A claim for damages arising from the intentional or unintentional torts of an employee of the State must be filed with the Clerk of the Court of Claims and served upon the Attorney General within 90 days after the accrual of the claim (Court of Claims Act §§ 10 [3]; [3-b]). Alternatively, and within that same 90-day period, the claimant may serve upon the Attorney General a written notice of intention to file a claim (id.). It is well established that the filing and service requirements of the Court of Claims Act must be strictly construed (see Finnerty v New York State Thruway Auth., 75 NY2d 721, 722-723 [1989]) and that the failure to comply with those requirements is a jurisdictional defect requiring dismissal of the claim (see id.; Ivy v State of New York, 27 AD3d 1190 [4th Dept 2006]; Brown v State of New York, UID # 2007-038-558, Claim No. 107770, Motion No. M-73868, DeBow, J. [Sept. 10, 2007]; Davis v State of New York, UID # 2006-042-503, Claim No. 107278, Motion No. M-72510, Siegel, J. [Jan. 9, 2007]). Claimant’s Notice of Claim was not timely served because it was not served within 90 days of the latest possible accrual date, nor was the claim filed within that period, and the claim must be dismissed. In light of the foregoing, the Court need not address the disputed issue of whether Claim No. 113094 was, in fact, served upon defendant in December 2006.

Accordingly, it is

ORDERED, that Claim No. 113094 is DISMISSED.

June 30, 2008
Albany, New York

Judge of the Court of Claims

Papers considered

(1) Claim No. 113094, filed December 11, 2006;

(2) Decision and Order, Claim No. 113094, Motion Nos. M-73638 and M-73640,

UID # 2007-038-563;

(3) Order to Show Cause (Motion No. M-74459), dated January 23, 2008;

(4) Affirmation of Sanem Ozdural, Esq., dated February 26, 2008, with Exhibits 1-2;

(5) Reply Affirmation of Paul F. Cagino, Esq., dated March 31, 2008, with Exhibits A-E;

(6) Affidavit of Janet A. Barringer, sworn to March 28, 2008, with Exhibits A-C;

(7) Reply Affirmation of Sanem Ozdural, Esq., dated April 17, 2008;

(8) Affidavit of Kwame Owusu, sworn to April 17, 2008.[2]
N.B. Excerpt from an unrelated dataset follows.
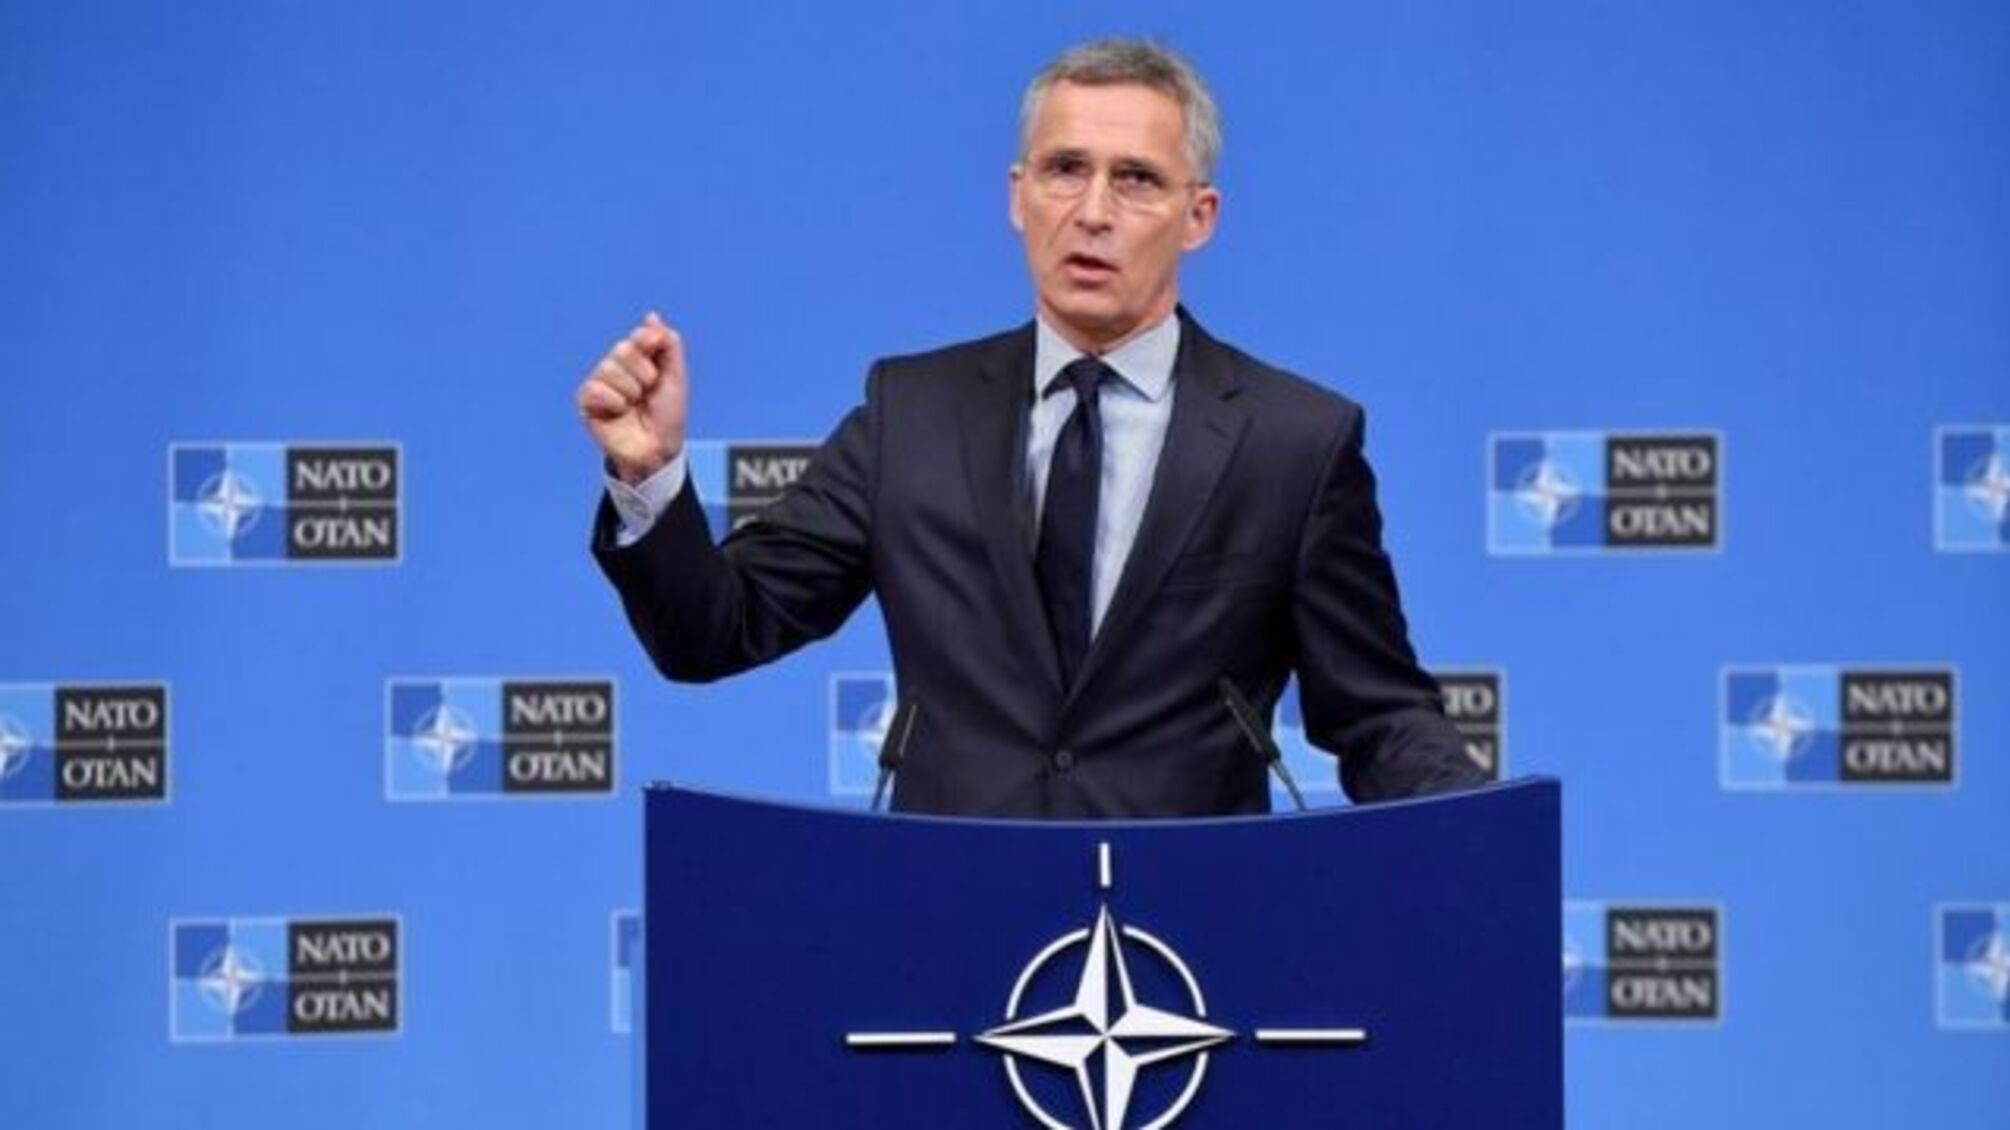 НАТО 'розчаровано' позицією Китаю щодо російського вторгнення, – Столтенберг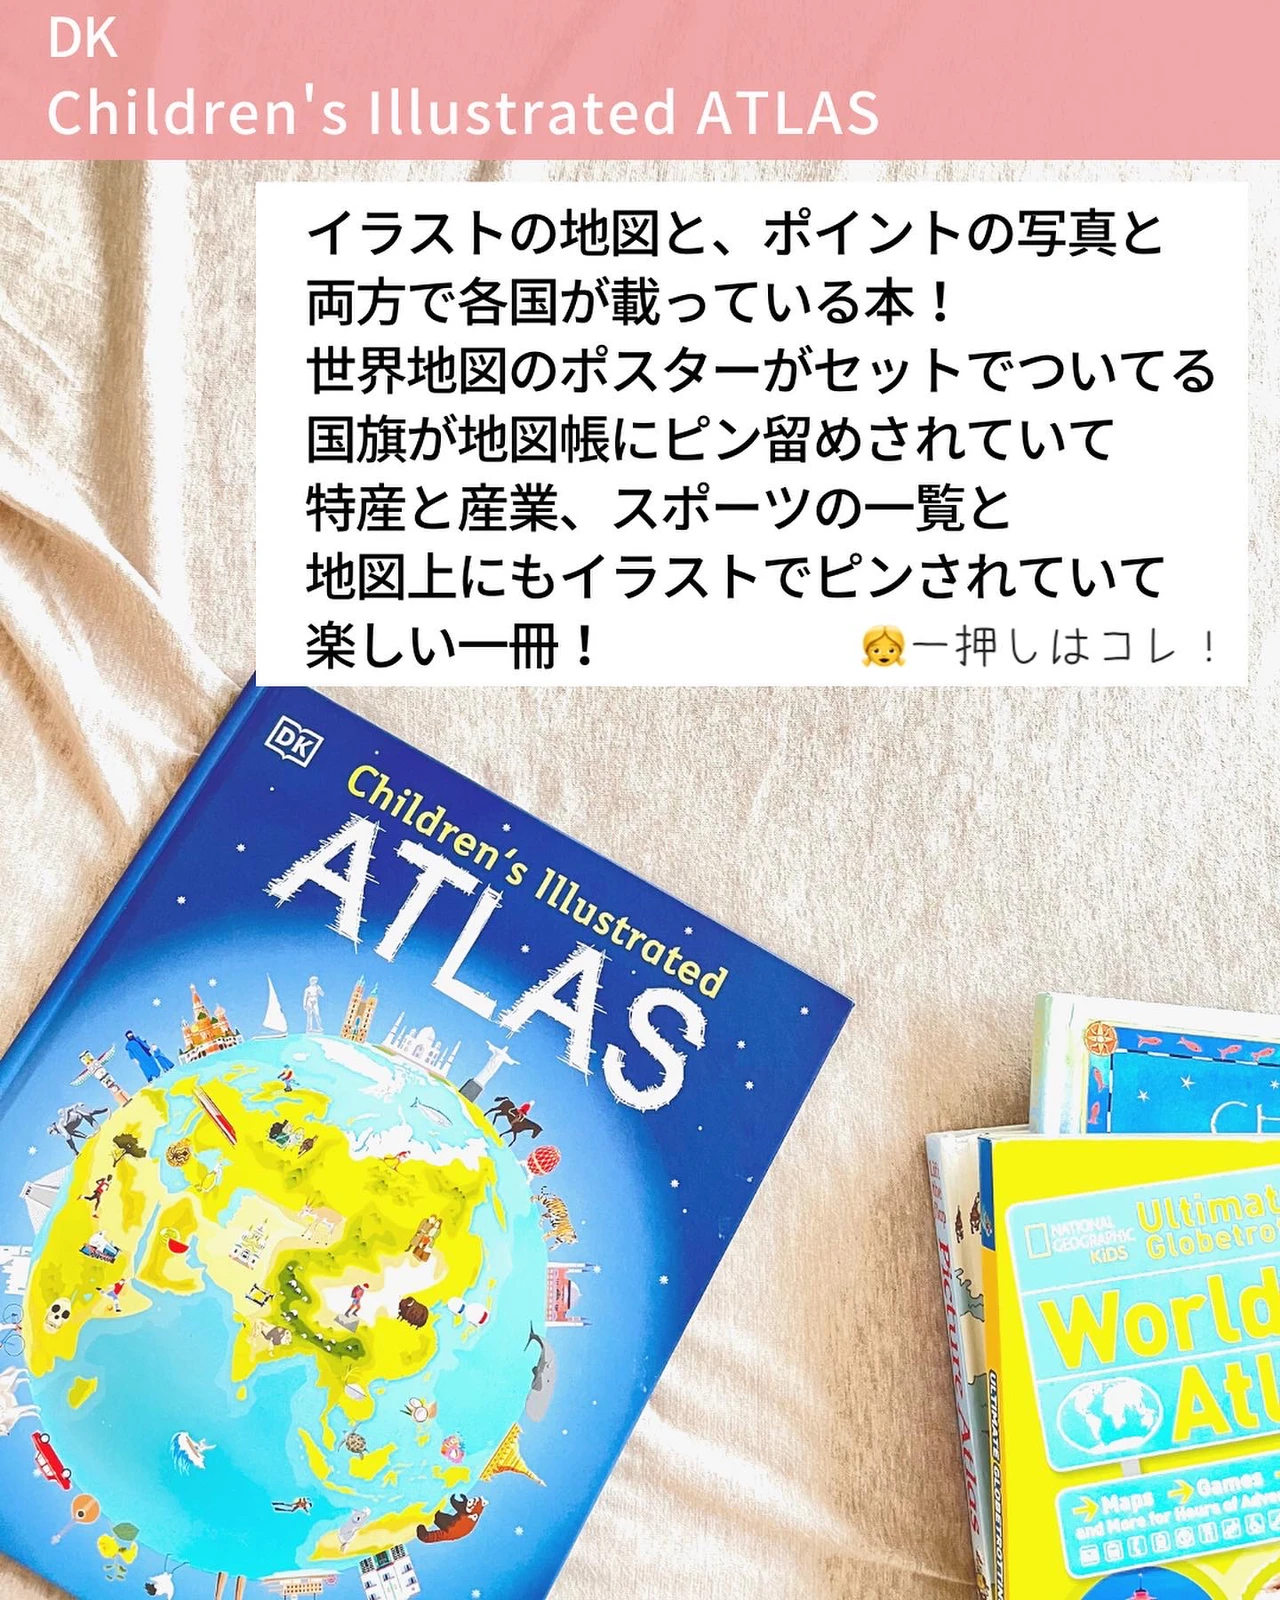 英語の地図帳 Atlasで世界地理を学ぶ Natsuko おうち英語ママが投稿したフォトブック Lemon8

[1]. The proper name of this process is “Notice of Intention to File a Claim” (see Court of Claims Act § 10).
[2]. Claimant’s affidavit addresses an allegedly erroneous entry in defendant’s records. Claimant does not request the Court’s intervention, nor does this Court possess the authority to order expungement or other equitable relief. Defendant is, however, encouraged to review claimant’s affidavit and take appropriate action.